Quem já viajou no mundo da mulher?

“Balada de amor ao vento”, da escritora Paulina Chiziane, representa um marco na literatura moçambicana. Publicado em 1990, o romance foi o primeiro no país a tematizar o quotidiano do universo feminino, evidenciando signos socioculturais que denunciam o lugar secundário reservado à mulher. Mais do que retratar a situação feminina em um Moçambique colonizado, Paulina Chiziane põe em discussão como as negociações transculturais e as mudanças de sistemas políticos apenas perpetuaram a[ Nº 11 | Ano 9 | 2010 | Estudos (1) p. 2]submissão feminina, ao mesmo tempo em que, dando voz a essa personagem marginal da história do país, contribui para a reconstrução da identidade moçambicana no período pós-colonial.

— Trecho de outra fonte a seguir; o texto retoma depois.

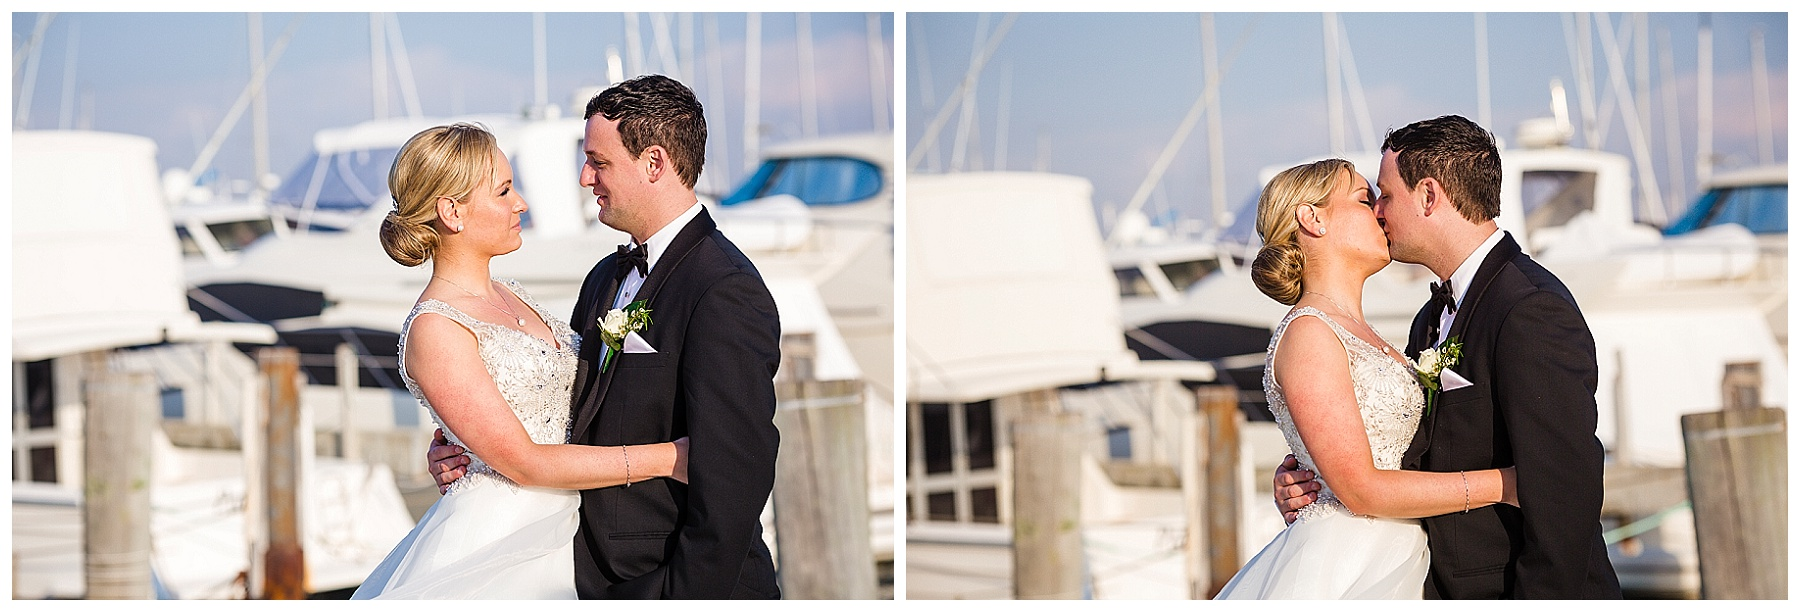 Hillarys Harbour wedding photo

Concentraremo-nos, neste estudo, em analisar tais signos e compreender como a autora os desconstrói em busca da reconfiguração da identidade nacional e da vitalização da presença feminina na construção do cenário histórico e cultural de Moçambique.

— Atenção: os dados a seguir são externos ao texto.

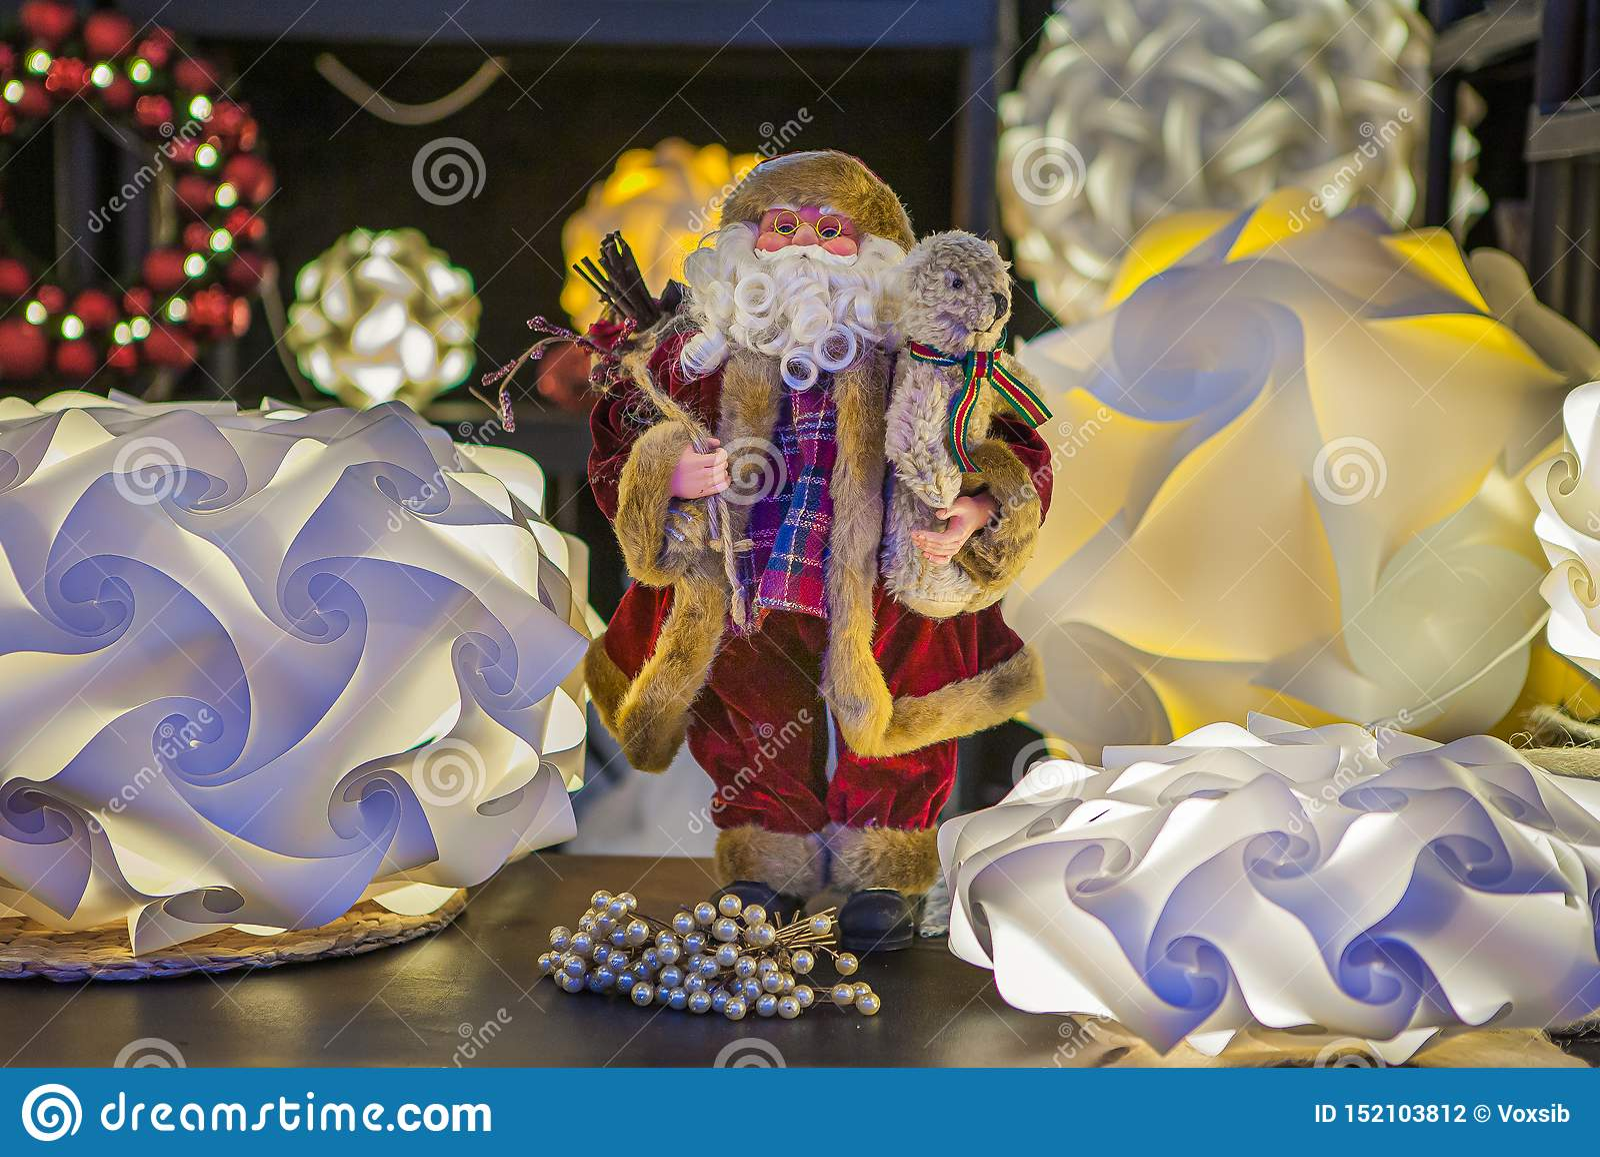 Festive Santa Claus, gives joy.

A história nos é contada pela personagem Sarnau, mulher marcada pelo amor e pelo abandono. Escrito em primeira pessoa, o romance caracteriza-se por um modo lírico de narrar, o que, segundo Inocência Mata, reforça o processo rememorativo. A narrativa tematiza a memória como veículo de revitalização identitária, no caso de Balada de amor ao vento, “uma memória individual que se confronta com os ditames de uma sociedade tradicionalista” (MATA, 2000, p. 136). A personagem inicia a história já envelhecida, saudosa dos tempos de juventude, contrapondo-os com o seu presente, miserável. Ao questionar-se sobre a existência ou não do amor, Sarnau faz uma comparação da mulher com a terra, convidando o leitor a conhecer o universo feminino:
Tenho uma filha crescida que ainda estuda embora já tenha estudado muito. Um dia disse-me que a terra é redonda. Por fora é toda verde e lá no fundo tem um centro vermelho. Como o melão. Que a terra é a mãe da natureza e tudo suporta para parir a vida. Como a mulher. Os golpes da vida a mulher suporta no silêncio da terra. Na amargura suave segrega um líquido triste e viscoso como o melão.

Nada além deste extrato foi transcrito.